Gagal ke Senayan, Advokat Henry Indraguna Incar Kursi Wali Kota Solo

Caleg DPR dari Partai Perindo, Henry Indraguna (kedua dari kanan), serta sejumlah artis Ibukota berjoget di panggung hiburan saat digelar Sepeda Sehat di Desa Srebegan, Kecamatan Ceper, Klaten, Minggu (10/3/2019). (Solopos - Taufiq Sidik Prakoso)
03 Juli 2019 18:15 WIB Kurniawan Solo Share :

Solopos.com, SOLO -- Setelah gagal melenggang ke Senayan sebagai anggota DPR pada Pemilu 2019 lalu, advokat kondang K.R.A.T. Henry Indraguna kini berencana maju sebagai calon wali kota (cawali) Solo dalam Pilkada 2020.

Pengacara yang juga pengusaha autobridal tersebut belakangan kerap beredar di Solo, Sukoharjo, Klaten, dan Boyolali, karena maju sebagai calon anggota DPR RI dari Partai Perindo di Dapil V Jateng. Tapi Henry gagal melenggang ke Senayan.

“Iya [akan sebagai sebagai cawali Solo]. Saya ingin membuat Kota Solo menjadi kota metropolitan. Karena saya melihat Solo sudah sangat tertinggal jauh dari Jogja,” tulis dia saat dihubungi Solopos.com melalui aplikasi Whatsapp (WA), Rabu (3/7/2019) pagi.

Ketertinggalan Solo dari Jogja menurut dia mulai dari segi kebudayaan, tourism (pariwisata), investasi, lapangan pekerjaan, layanan kesehatan, dan pendidikan. “Saya memandang Solo sangat lambat kemajuannya. Dengan Jogja saja jauh tertinggal,” sambung dia.

Pria yang terkenal dengan jargonnya Kowe Meneh Kowe Meneh saat menjadi caleg itu juga menyoroti masih banyaknya warga Solo yang hidup di bawah garis kemiskinan. Dengan kondisi seperti itu Solo dinilai butuh pemimpin muda dari kalangan pengusaha.
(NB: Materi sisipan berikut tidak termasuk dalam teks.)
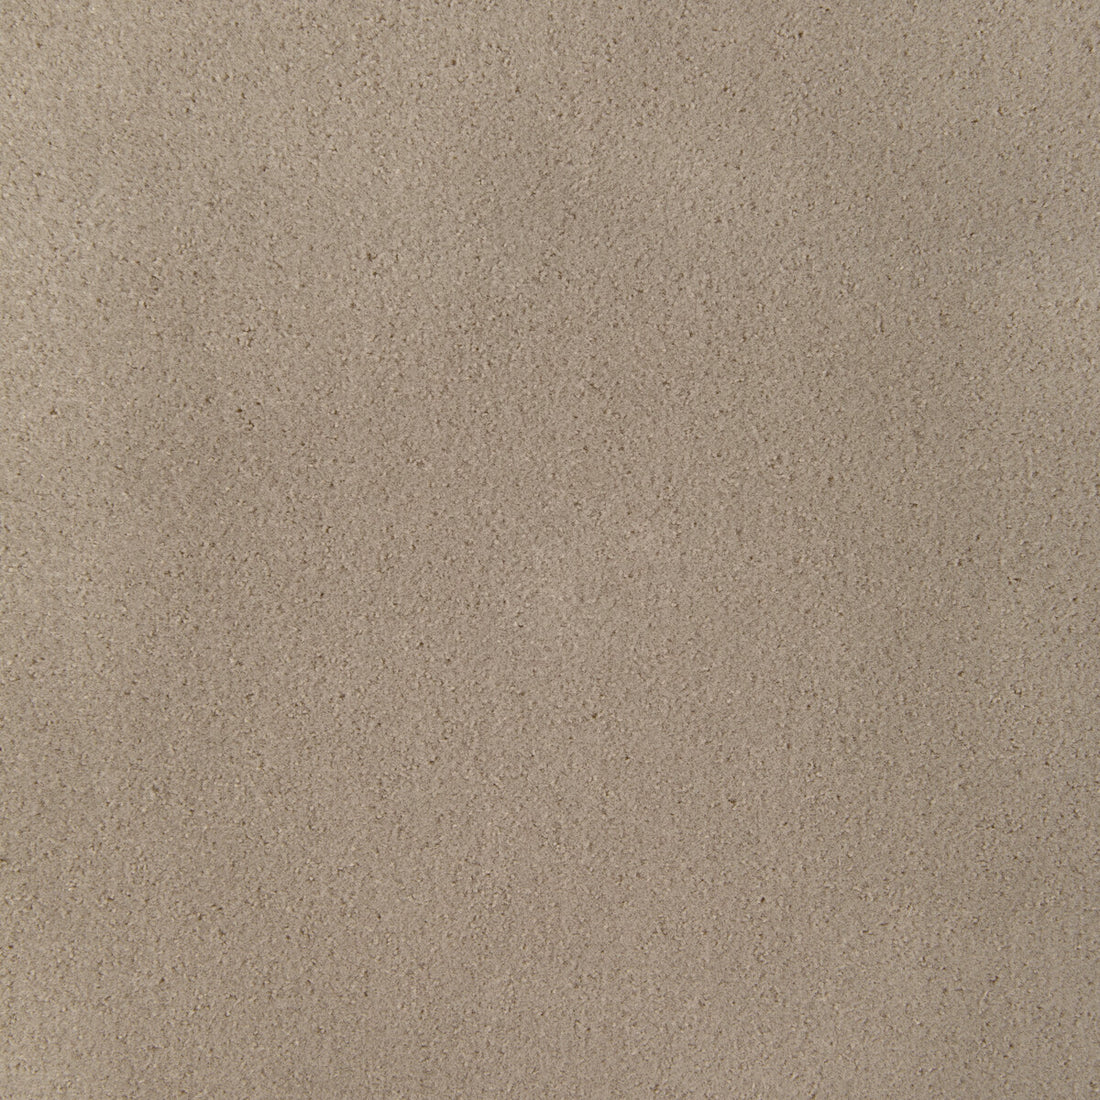 Fomo fabric in fawn color - pattern 36543.16.0 - by Kravet Contract

Ide-ide kreatif pemimpin dibutuhkan untuk memajukan Solo lima tahun ke depan agar kesejahteraan rakyat meningkat. Henry berencana maju dalam bursa Wali Kota Solo pada Pilkada 2020 melalui partai politik berplatform nasionalis.
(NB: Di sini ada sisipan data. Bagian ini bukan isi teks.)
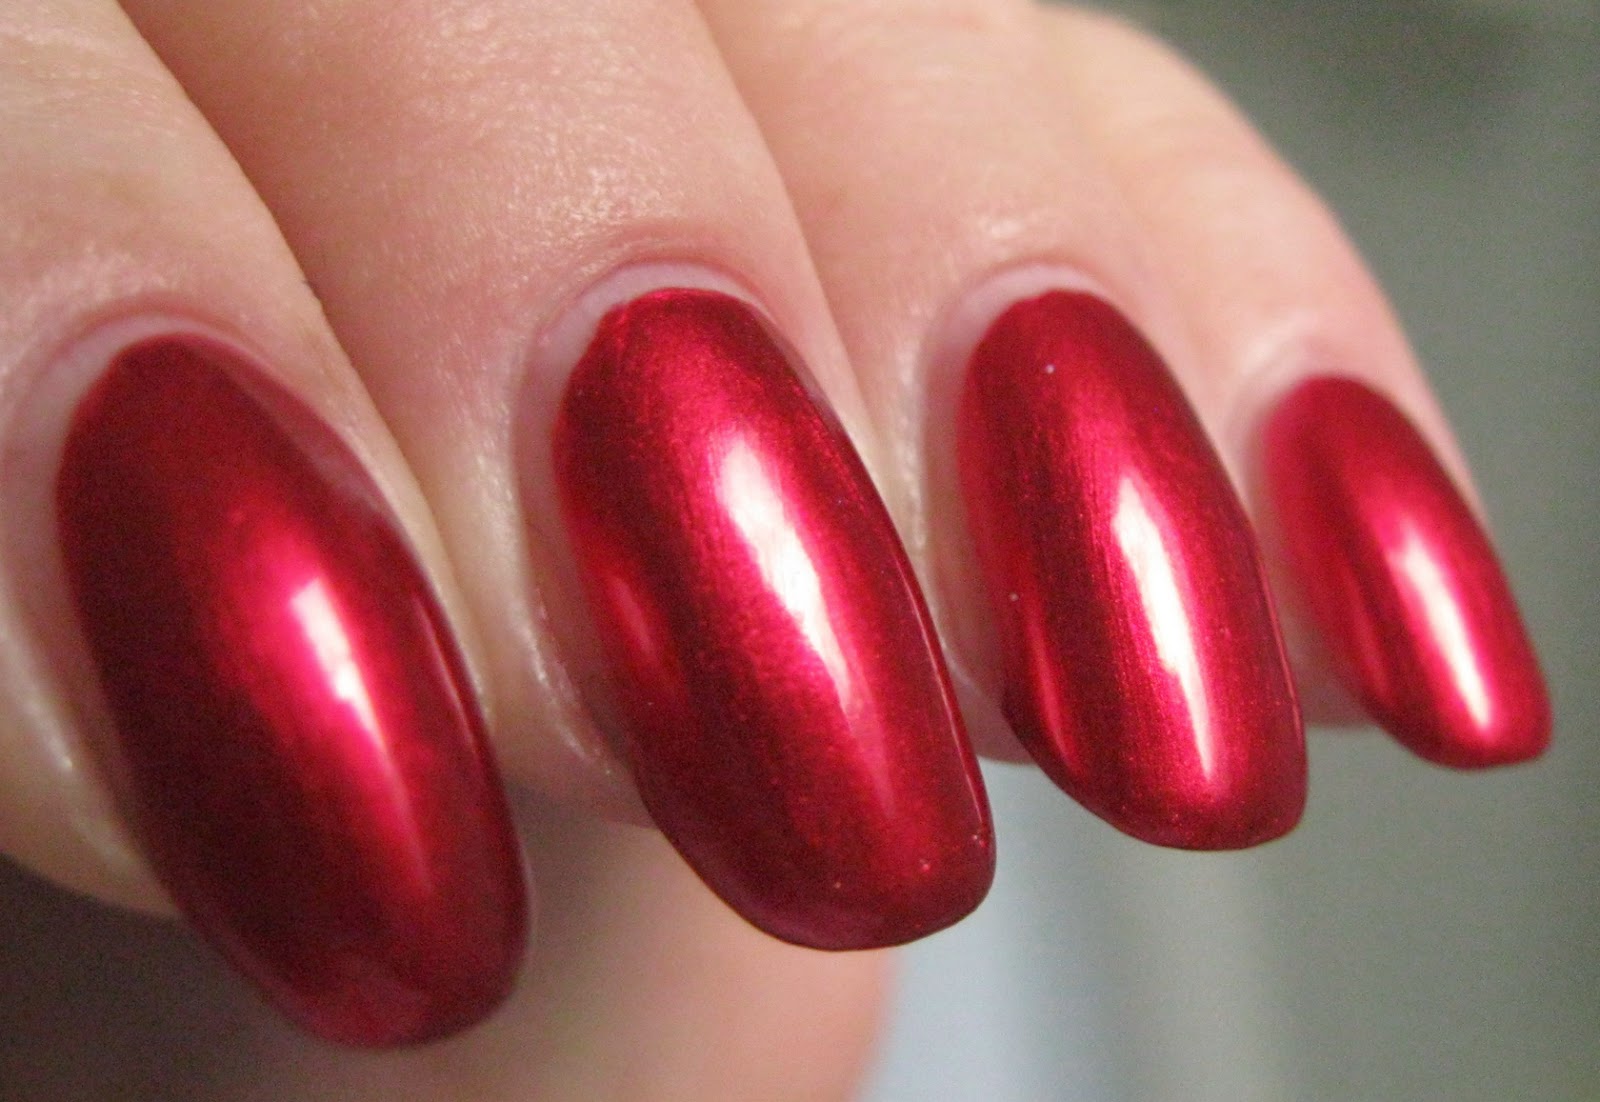 7. Butter London Nail Lacquer in "Knees Up" - wide 7

Dia mengaku sudah ada dua parpol yang potensial menjadi tunggangan dia menuju pesta demokrasi lima tahunan Kota Bengawan. “Pemimpin zaman sekarang jangan berpolitik ria saja. Kasihan rakyat jadi korban. Harus kreatif membangun,” urai dia.

Henry menyatakan ada beberapa program prioritas yang akan dia usung bila menjadi cawali Solo. Salah satunya membuka lapangan pekerjaan baru dengan mendatangkan investor dari luar negeri yang akan bekerja sama dengan pengusaha lokal.

Izin-izin usaha akan dipermudah selama punya dampak positif dalam penciptaan lapangan pekerjaan baru bagi masyarakat. Sektor ekonomi kreatif Solo juga akan dikembangkan dia dengan menciptakan pengusaha-pengusaha baru di bidang start up.

“Saya juga akan fokus di bidang kesehatan terutama layanan BPJS yang saya pandang belum berpihak kepada wong cilik. Bidang pendidikan demikian juga. Kualitasnya harus ditingkatkan, dan pembiayaan bagi yang tidak mampu,” jelas dia.

Henry juga berencana meningkatkan kesejahteraan para guru, pesantren menjadi fokus dalam pembenahan moral masyarakat, buruh mendapatkan hak mereka, dan memberantas praktik-praktik korupsi, kolusi dan nepotisme (KKN) di Solo.